Page 4 of All of My Life

“What’s your name?”

“Jett,” she answered.

“I’m Chasin Carver,” I told her.

She looked mad. “Like the town?”

I nodded. “Like the town.”

She turned to look back down at her picture book, so I asked, “Are you mad at me?”

“No.”

Since she wasn’t mad at me, I asked, “Do you want to play with me?”

She shook her head. “No.”

“Why not?”

“Because I can’t be your friend.”

That hurt my feelings. “Why can’t you be my friend.”

“Because I can’t.”

“Why not?”

“Because I can’t,” she said again. “You have to be friends with the other kids.”

“I don’t want to be friends with the other kids,” I told her, wanting to know why she was being so mean. Most people wanted to be my friend. “I want to be friends with you.”

“I can’t be friends with you,” she said again.

“Quit saying that,” I said, getting mad.

She looked at me again. “I can’t be your friend, so stop asking.”

“You’re mean,” I said. “You’re a mean girl.”

Her eyes looked like she was going to cry. “I’m not mean,” she whispered.

“Yes, you are,” I said, standing up. “You’re mean, and I’m going to tell everyone not to be your friend.”

“I’m not mean,” she said again.

“I hate you,” I told her before going to make friends with the other kids.

Jett Morgan had become my enemy that day, and I hadn’t stopped going out of my way to let her know it. I could count on two hands how many times I’d spoken to her over the years, and most of those times had been recently.

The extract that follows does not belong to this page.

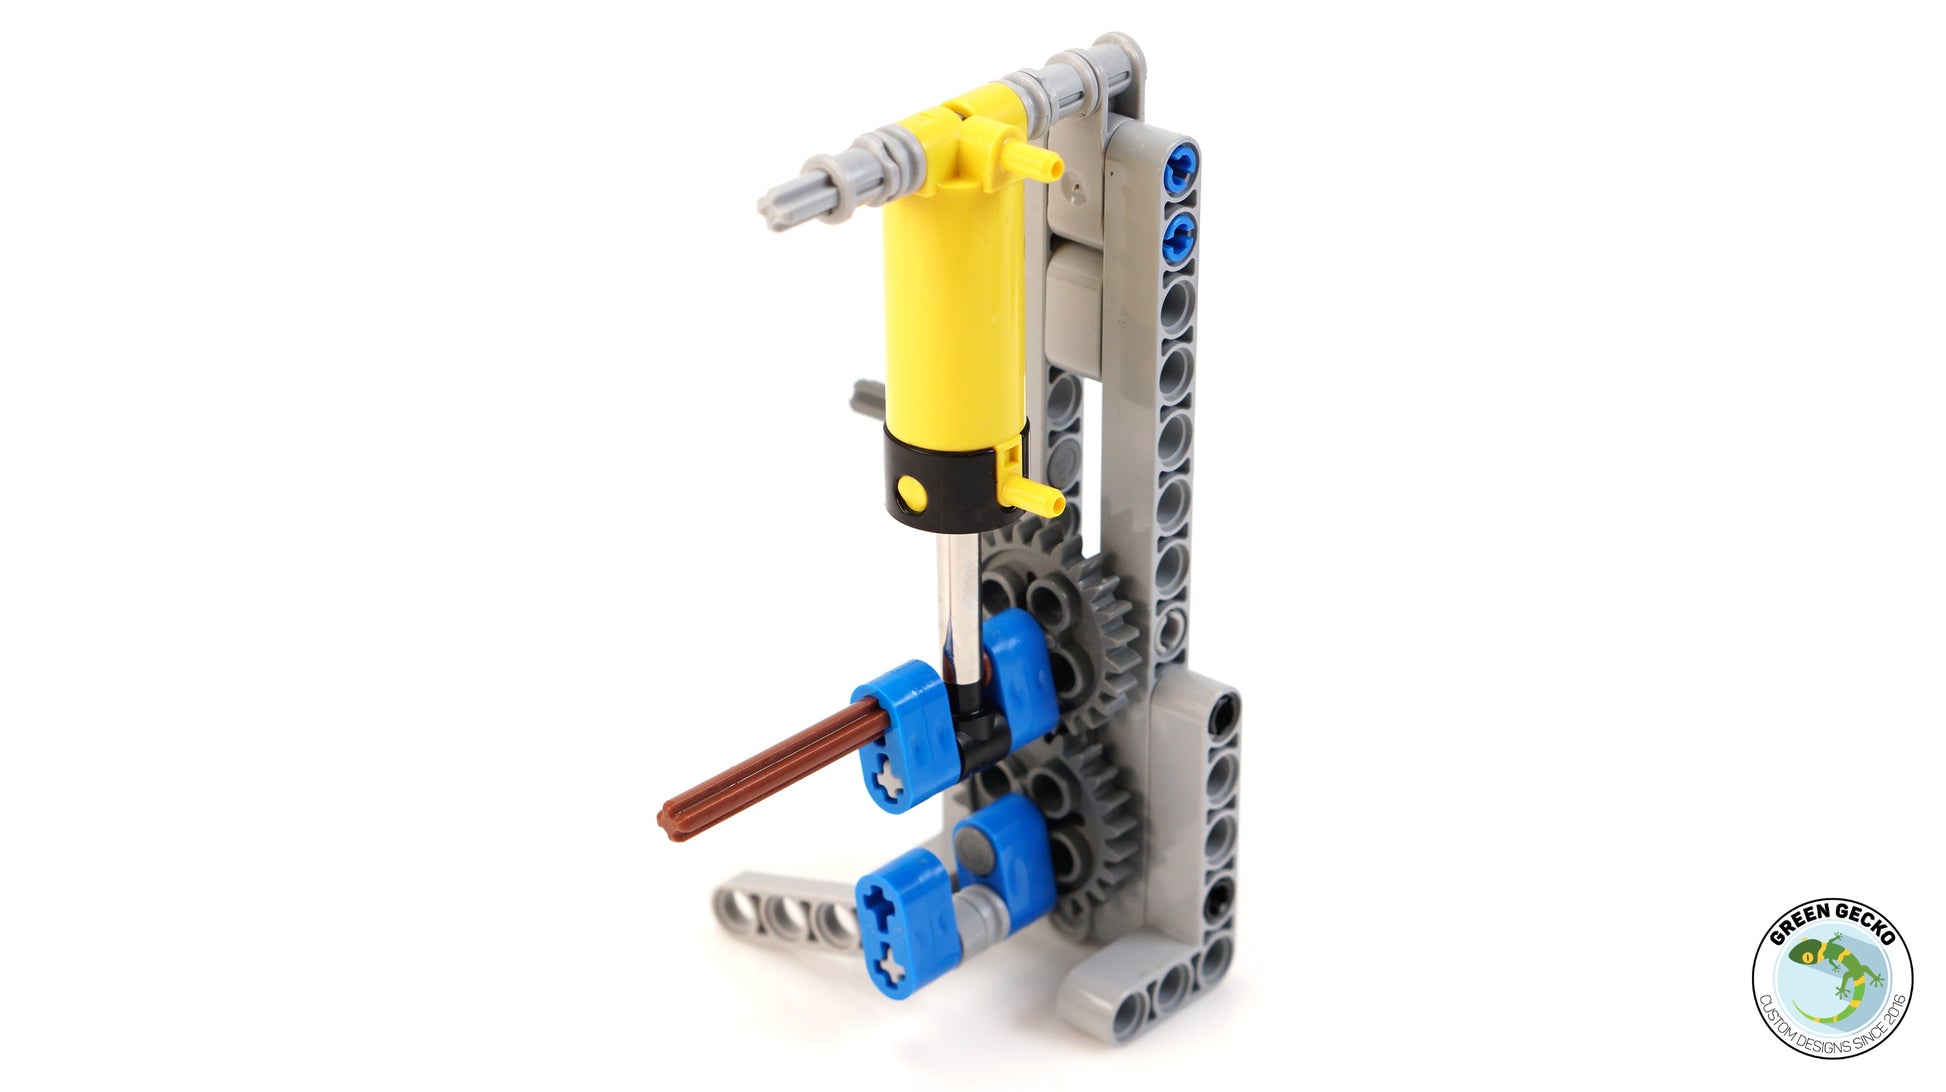 Fremtrædende maske Akademi Pro Instructions - 1 Cylinder Switchless Lego Pneumatic Engine 2500 RP –  Green Gecko Workshop

The amazing thing was that Jett hadn’t cared about not being liked back then. Hell, she still didn’t care about being liked. Since that first day of kindergarten, she’d gone out of her way to alienate herself from everyone, and people had stopped trying to be her friend a long time ago. She spoke to no one unless she absolutely had to, and people returned the favor.

Nevertheless, that hadn’t stopped me from stalking her every day since then. I knew her better than anyone else, and she didn’t even know it. If she knew how much effort that I put into knowing everything about her, she’d run scared, rightfully so. Jett Morgan was an obsession that had only grown throughout the years, and I was irrevocably invested in her for better or for worse.

Her looks didn’t help, either. In my eyes, Jett Morgan was five-foot-three of pure female perfection. She had dark brown hair, but it was a bunch of different shades of brown; dark, light, medium, and every shade in between to give her long locks the look of chocolate silk. It reached the middle of her back, and when she wore it down, it was all that I could do not to just drag her off to my cave by a fistful of it. Curled or straight, having it tangled around my fist was the stuff of dreams.

She also had that classic beauty that reminded me of Natalie Danish. Arched brows, long lashes, mesmerizing hazel eyes, a pert upturned nose, full lips, and if there was ever a girl that didn’t need makeup, it was Jett Morgan. If she had any imperfections, her big eyes distracted you from them. Even the whisps of her long bangs couldn’t hide those eyes of hers.

As for her body, Jett was petite, and her school uniform did nothing to hide those subtle curves of hers. Her neck was a slender temptation, her tits were a perfect handful, her waist was nearly nonexistent, and her hips flared out delicately towards a pair of legs that were short but slim enough to wrap around my waist perfectly.